Podcast-Generator/server/tts_adapters.py

import os
import json # 导入 json 模块
import base64 # 导入 base64 模块
from msgpack.fallback import EX_CONSTRUCT
import requests
import uuid
import urllib.parse
import re # Add re import
import time # Add time import
from abc import ABC, abstractmethod
from typing import Optional # Add Optional import

class TTSAdapter(ABC):
    """
    抽象基类，定义 TTS 适配器的接口。
    """
    @abstractmethod
    def generate_audio(self, text: str, voice_code: str, output_dir: str, volume_adjustment: float = 0.0, speed_adjustment: float = 0.0) -> str:
        """
        根据文本和语音代码生成音频文件。

        Args:
            text (str): 要转换为语音的文本。
            voice_code (str): 用于生成语音的语音代码。
            output_dir (str): 生成的音频文件保存的目录。
            volume_adjustment (float): 音量调整值，正数增加，负数减少。

        Returns:
            str: 生成的音频文件路径。

        Raises:
            Exception: 如果音频生成失败。
        """
        pass

    def _apply_audio_effects(self, audio_file_path: str, volume_adjustment: float, speed_adjustment: float) -> str:
        """
        对音频文件应用音量和速度调整。
        Args:
            audio_file_path (str): 原始音频文件路径。
            volume_adjustment (float): 音量调整值。例如，6.0 表示增加 6dB，-3.0 表示减少 3dB。
            speed_adjustment (float): 速度调整值，正数增加，负数减少。speed_adjustment 是百分比，例如 10 表示 +10%，-10 表示 -10%。
        Returns:
            str: 调整后的音频文件路径。
        Raises:
            ImportError: 如果 'pydub' 模块未安装。
            RuntimeError: 如果音频效果调整失败。
        """
        if volume_adjustment == 0.0 and speed_adjustment == 0.0:
            return audio_file_path

        try:
            from pydub import AudioSegment
        except ImportError:
            raise ImportError("The 'pydub' module is required for audio adjustments. Please install it using 'pip install pydub'.")

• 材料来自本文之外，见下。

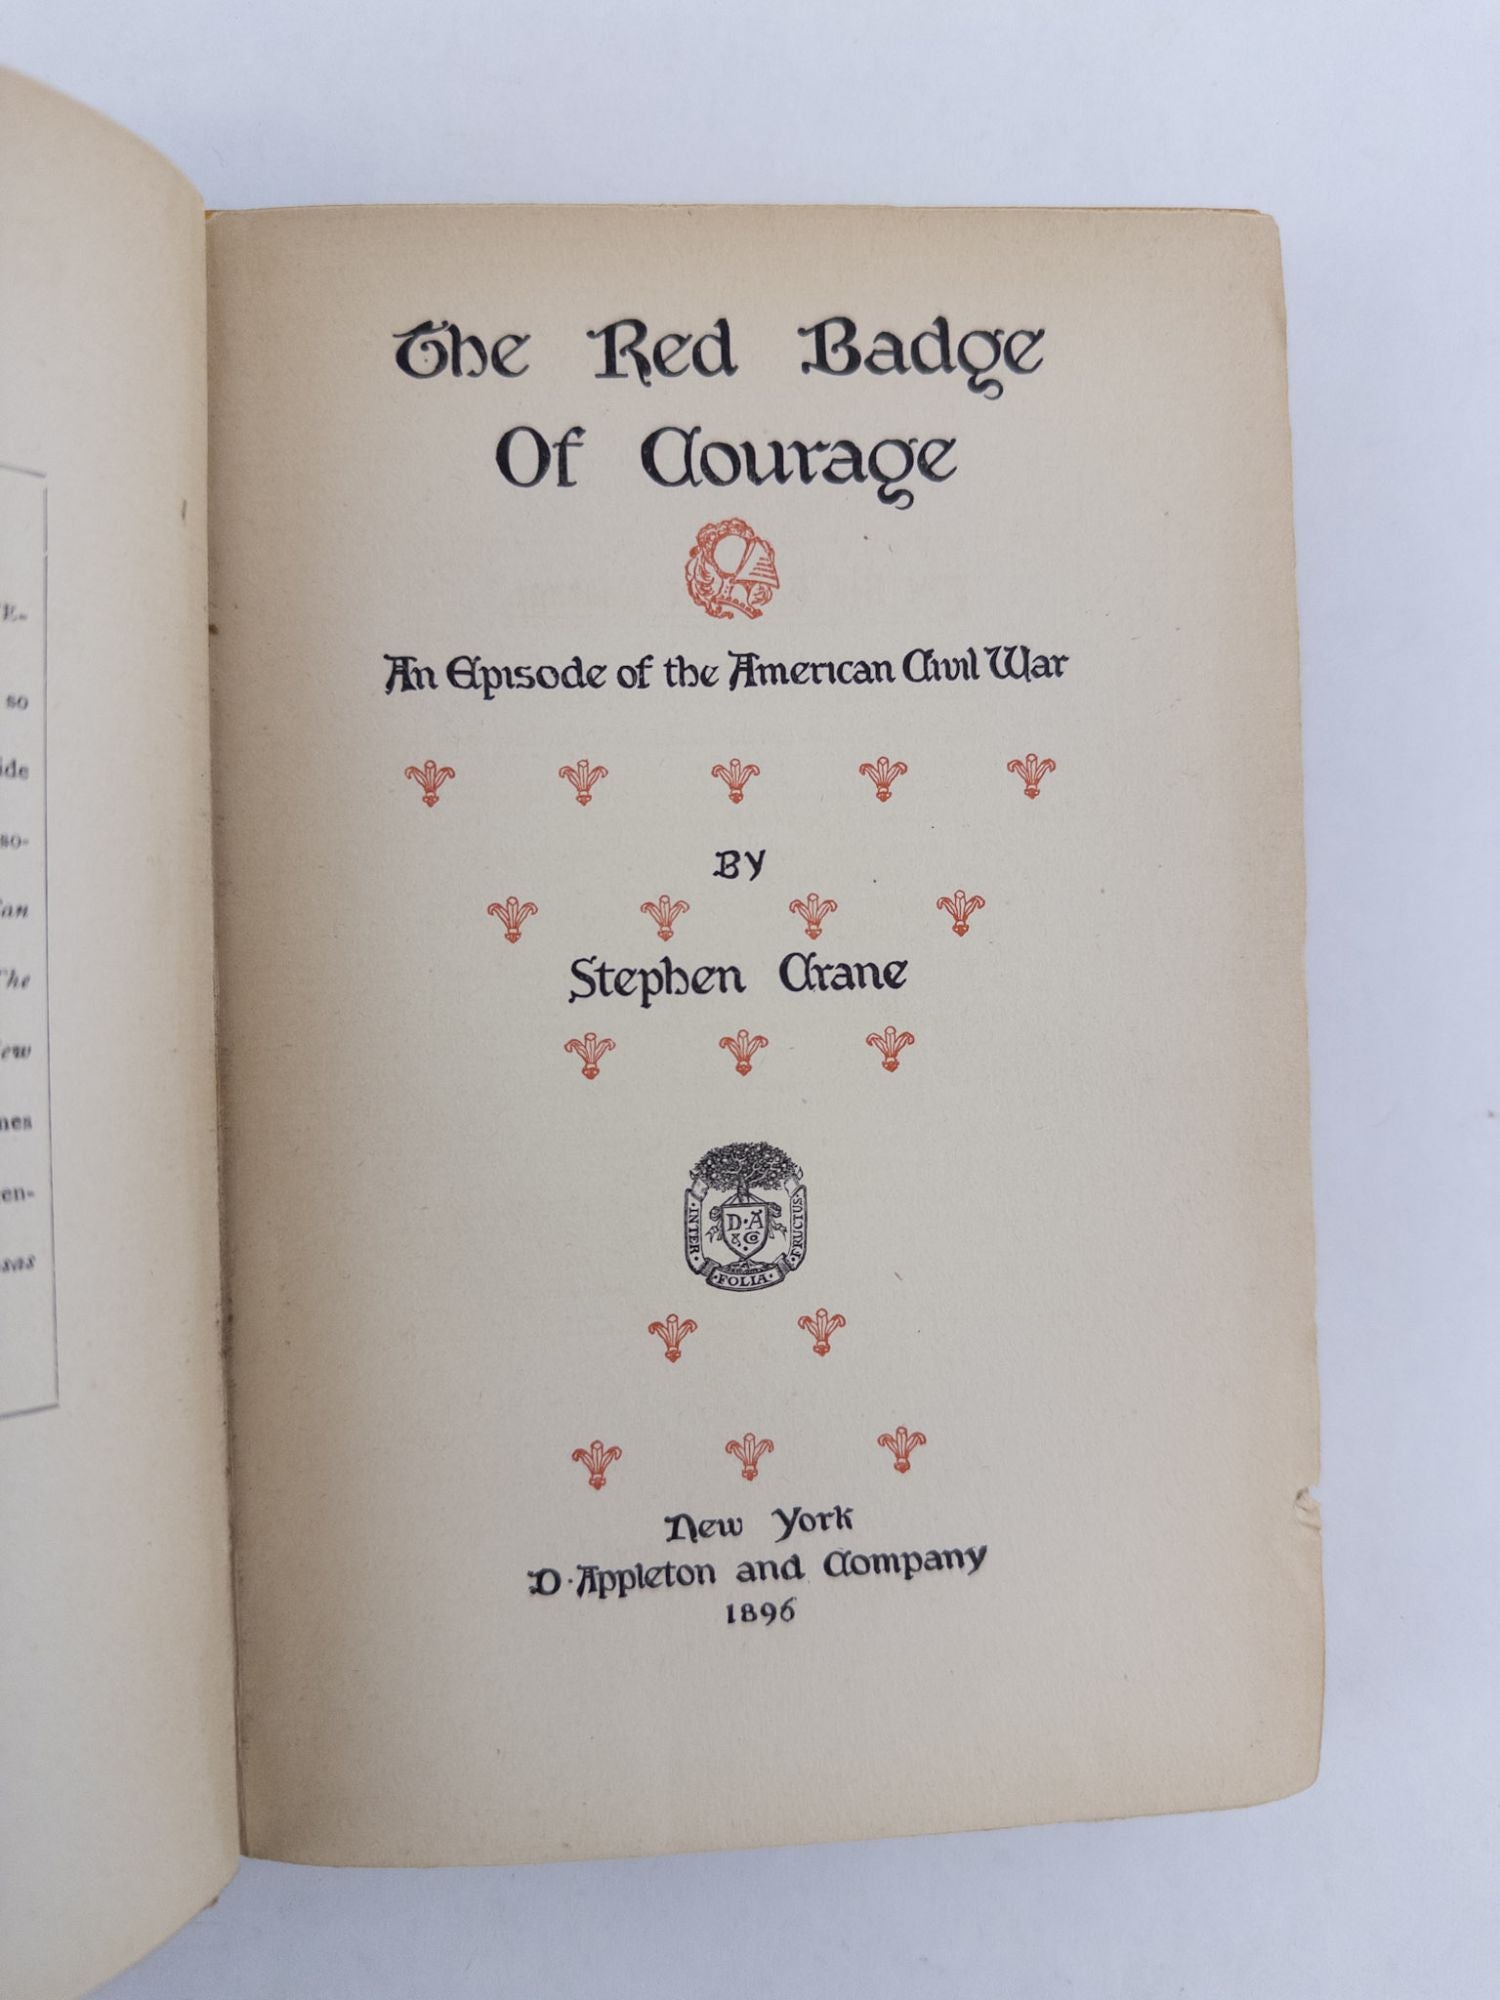 Product Image for THE RED BADGE OF COURAGE
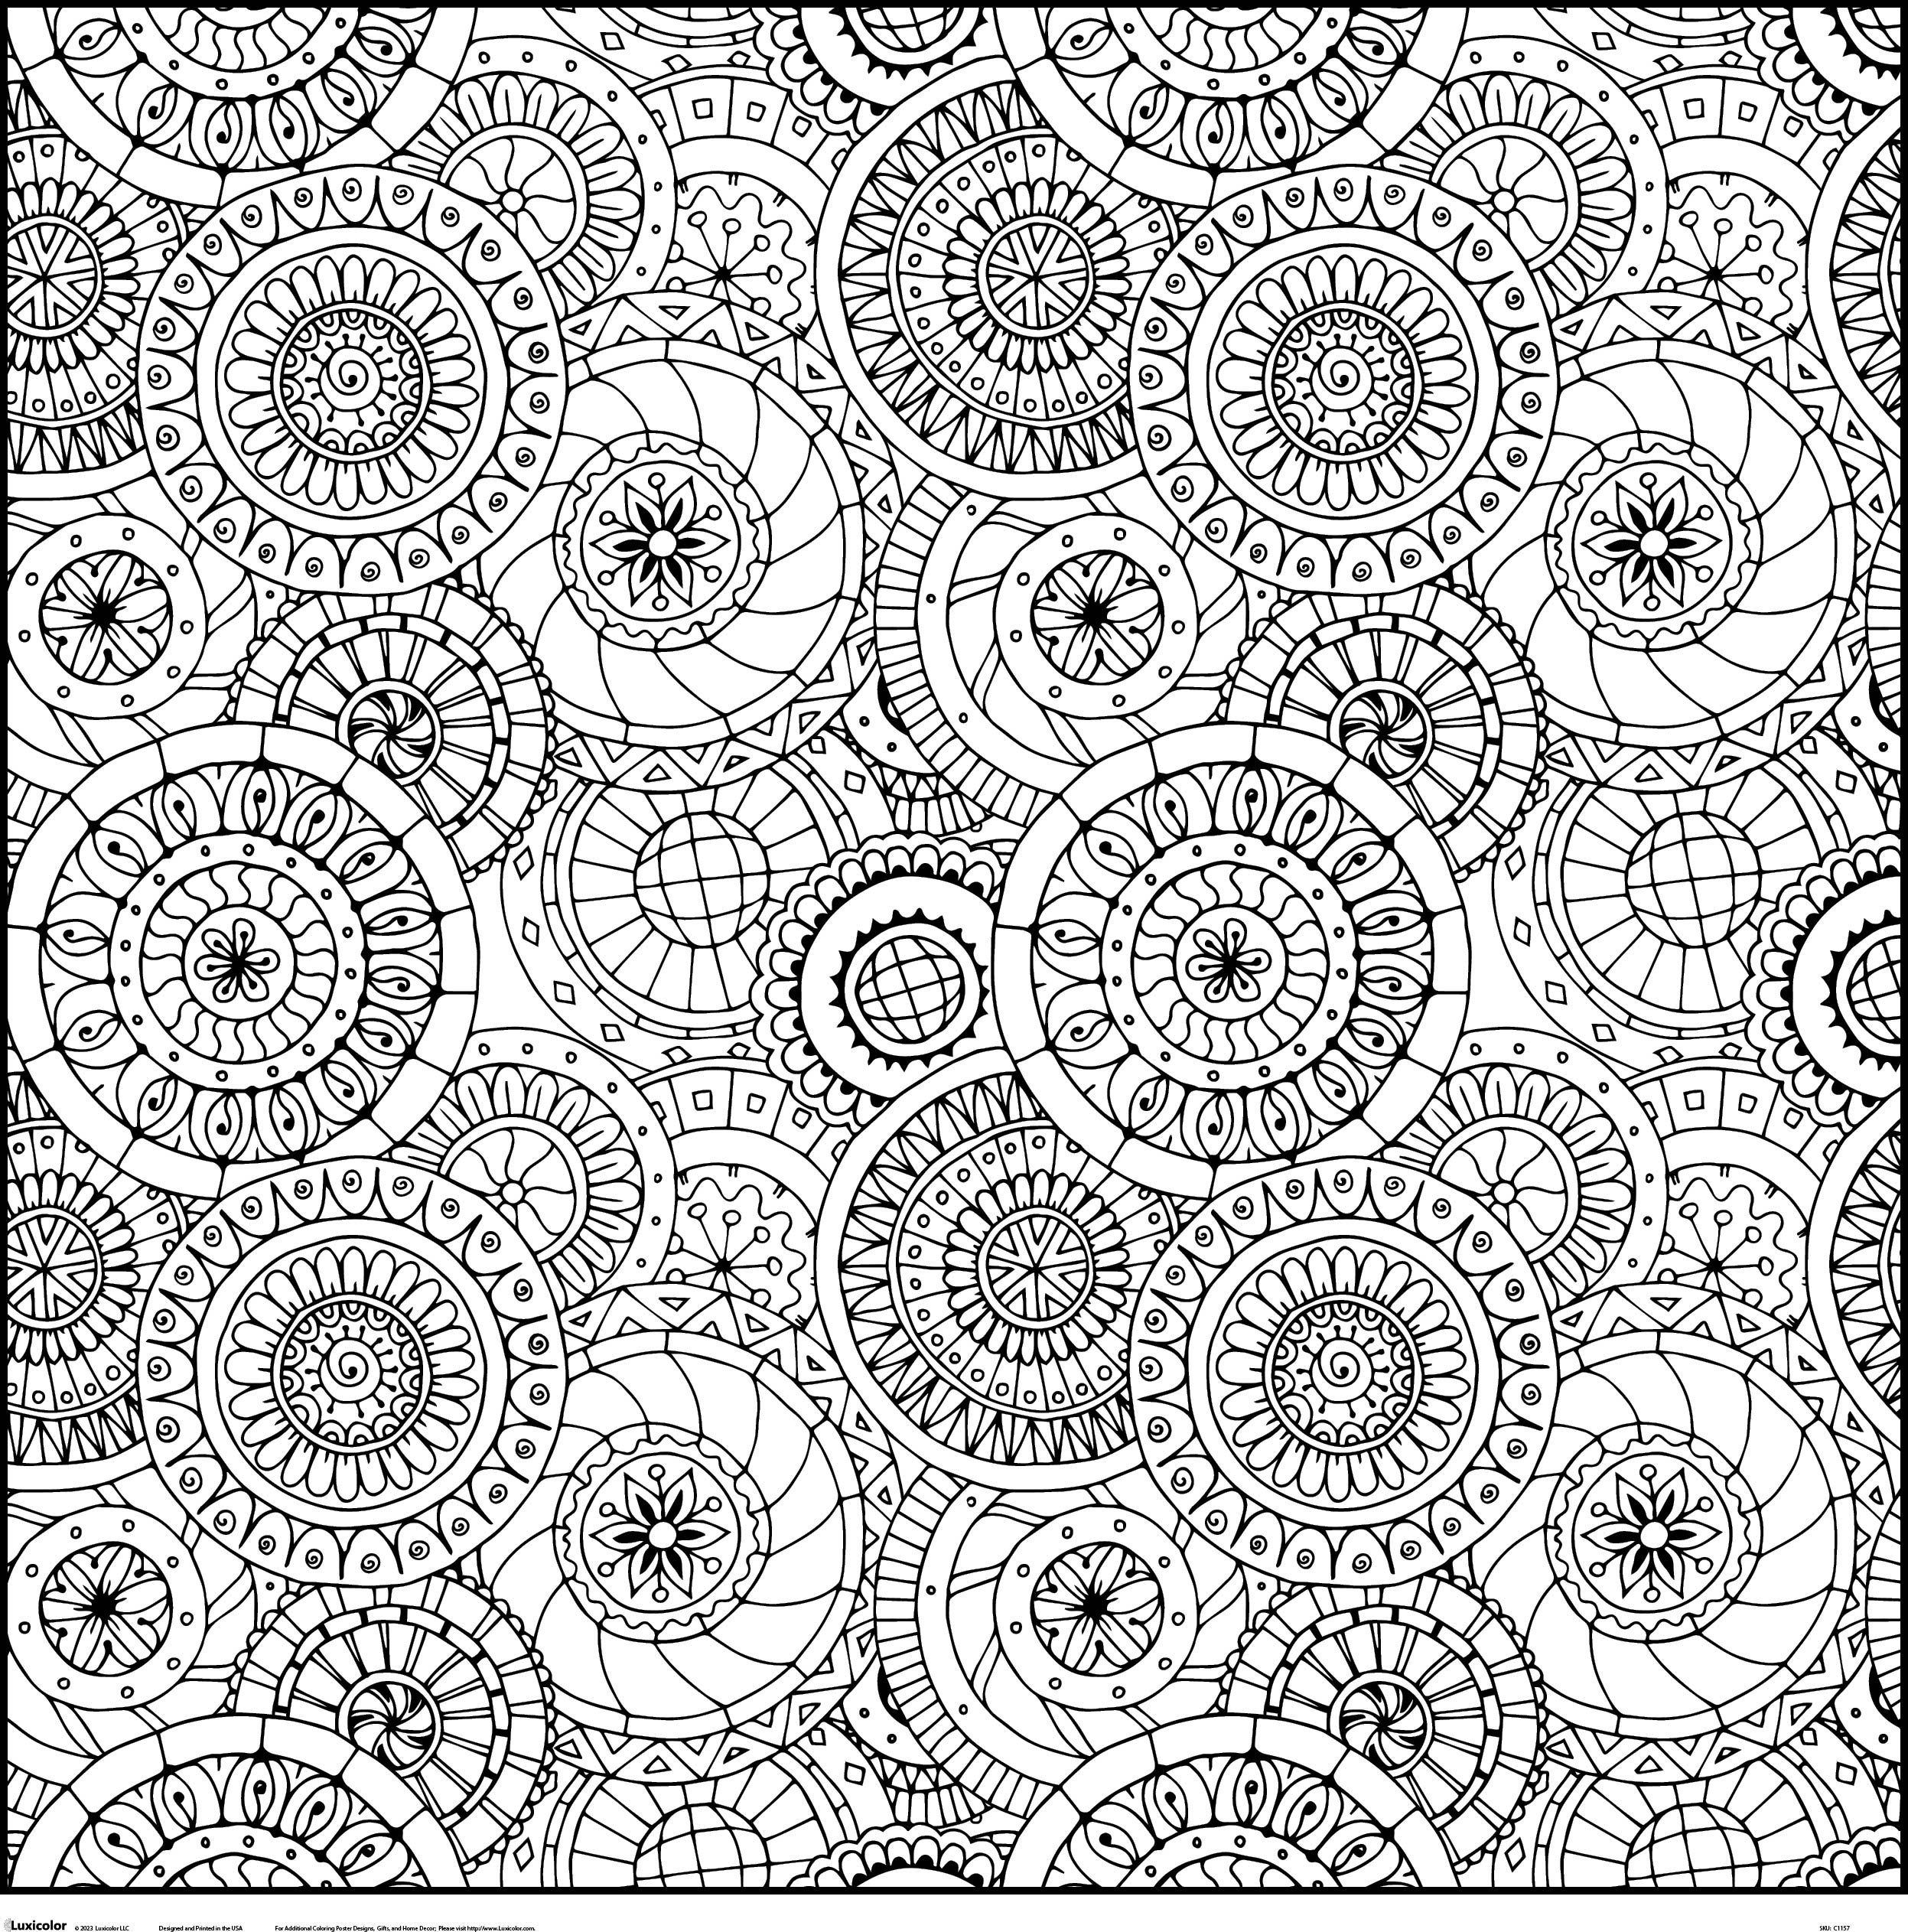 Giant Zendoodle Mandala Coloring Poster Beautiful Coloring Gift for All ...

        current_audio_file = audio_file_path
        base, ext = os.path.splitext(audio_file_path)

        try:
            audio = AudioSegment.from_file(current_audio_file)

            # 应用音量调整
            if volume_adjustment != 0.0:
                adjusted_audio = audio + volume_adjustment
                new_file_path = f"{base}_vol_adjusted{ext}"
                adjusted_audio.export(new_file_path, format=ext[1:])
                os.remove(current_audio_file)
                current_audio_file = new_file_path
                audio = adjusted_audio
                print(f"Applied volume adjustment of {volume_adjustment} dB to {os.path.basename(current_audio_file)}")

            # 应用速度调整
            if speed_adjustment != 0.0:
                speed_multiplier = 1 + speed_adjustment / 100.0
                adjusted_audio = audio.speedup(playback_speed=speed_multiplier, chunk_size=150, crossfade=25)
                new_file_path = f"{base}_speed_adjusted{ext}"
                adjusted_audio.export(new_file_path, format=ext[1:])
                if current_audio_file != audio_file_path and os.path.exists(current_audio_file): # 只有当 current_audio_file 是中间文件时才删除
                    os.remove(current_audio_file)
                else: # 如果没有音量调整，current_audio_file 仍然是原始文件
                    os.remove(audio_file_path)
                current_audio_file = new_file_path
                print(f"Applied speed adjustment of {speed_adjustment}% to {os.path.basename(current_audio_file)}")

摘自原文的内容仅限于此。